Comerica Bank has recorded a reversal of a slide in Michigan’s economic activity that started in June.
In its latest report, which covers October 2018, some seven out of nine sub-indexes for the bank’s Michigan Economic Activity Index were positive, with only total state trade and sales tax being negative.
While Comerica’s chief economist, Robert Dye, pointed to the signing of the U.S.-Mexico-Canada trade agreement as being a signal of less uncertainty for Michigan businesses, the deal must still be ratified by legislatures in all three countries.
Other trade factors considered, Comerica’s Dye is saying that exporting businesses may soon feel softer demand from their international buyers.
Outside North America, in Europe and China, there are signs of cooler growth heading into 2019.
GM’s announcement of plant closures was followed by United Kingdom and India plant closure announcements from Tata Motors (parent company of Land Rover and Jaguar).
“This does not impact Michigan directly but it does show the unsettled nature of the global auto industry,” said Dye.
Dye also spoke to an American Banking Association audience, where he said a sustained expansion is likely.

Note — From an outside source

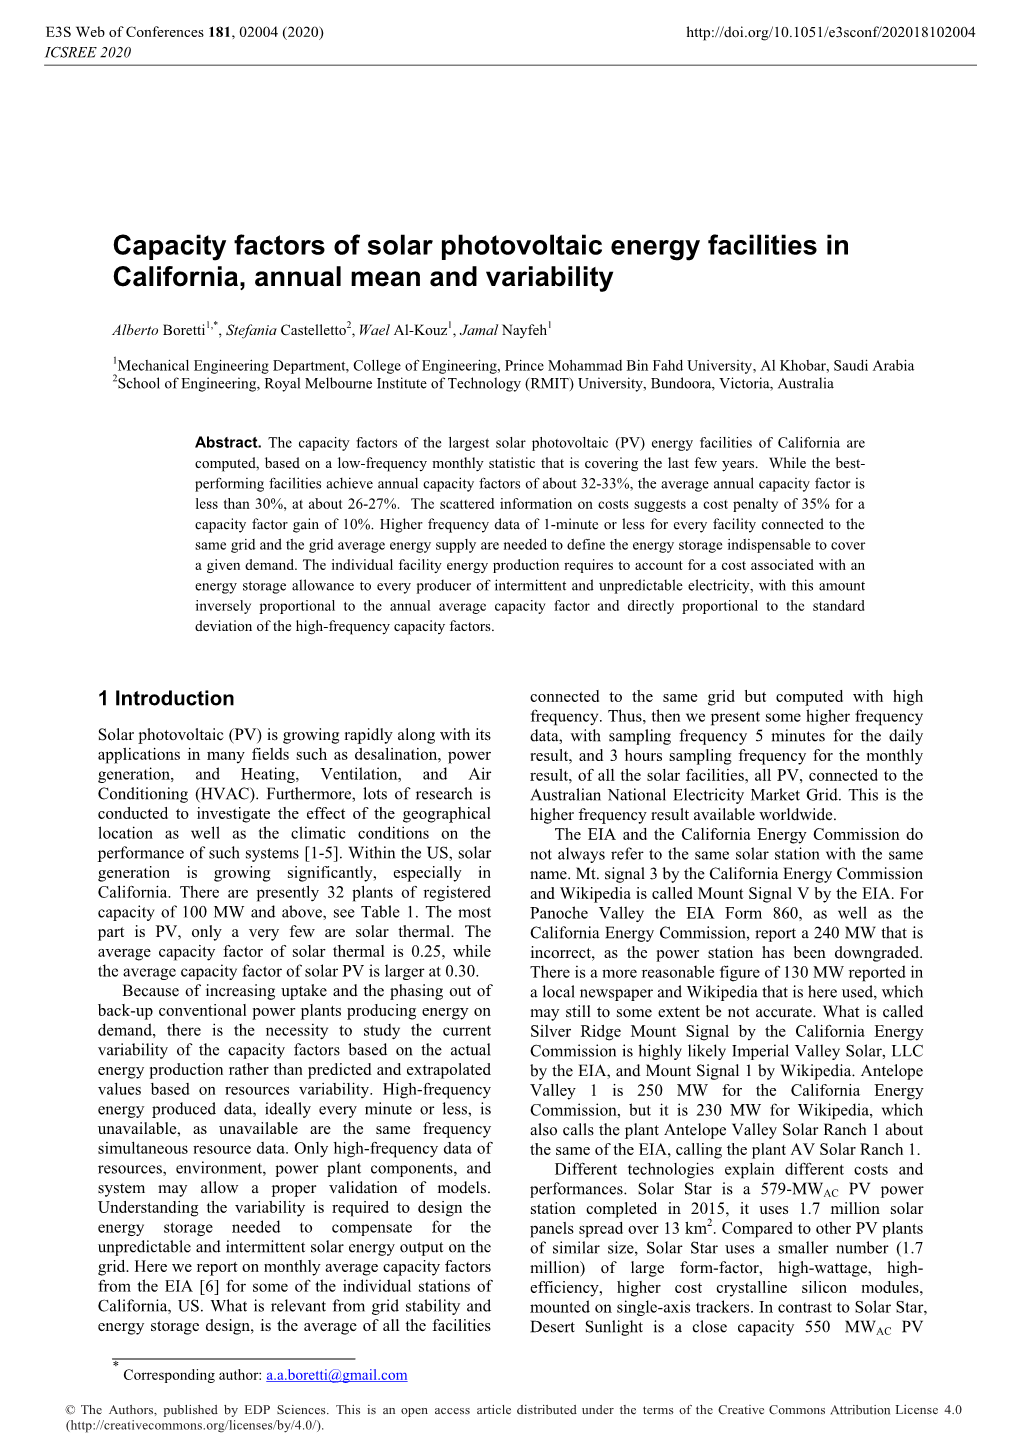 Capacity Factors of Solar Photovoltaic Energy Facilities in California, Annual Mean and Variability
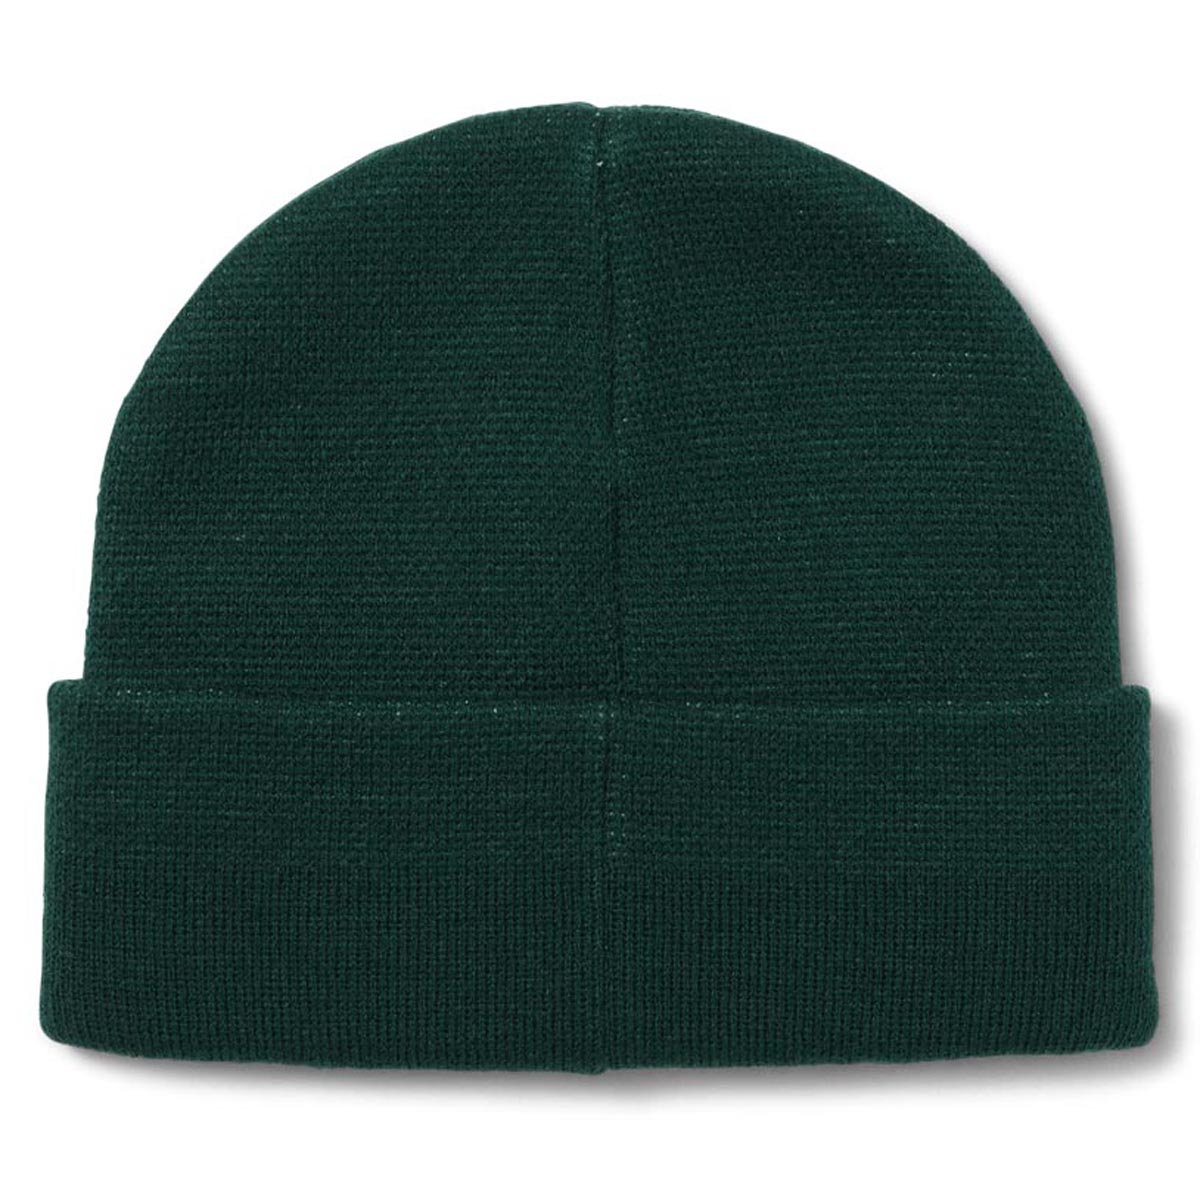 HUF Impact Beanie - Forest Green image 2

“A strong consumer sector and moderate business investment, along with full employment and rising wage growth, should sustain the expansion,” he said.
The Comerica report said U.S. auto sales have held up well, averaging a 17.5 million unit annual rate from September through November.
Comerica’s Michigan Economic Activity Index consists of nine variables—non-farm payroll employment, continuing claims for unemployment insurance, housing starts, house price index, industrial electricity sales, auto assemblies, total trade, hotel occupancy, and sales tax revenue.
In related news but from a national perspective, the Washington, D.C.-based Center for Economic and Policy Research pointed to a jobs gain of 312,000 in December.
The biggest job gainer was health care, which added 50,200 jobs, well above an average of 28,800 over the last year.
There were some 32,000 manufacturing jobs added for the month and employment in that sector is now up by 284,000 over the last year, according to CEPR reports.
Retail also had an unusually good month, with the addition of 23,800 jobs, well above an average of 7,600 over the last year.
On the wage growth side, CEPR reported a modest pickup in the month, with year-over-year growth of 3.2 percent.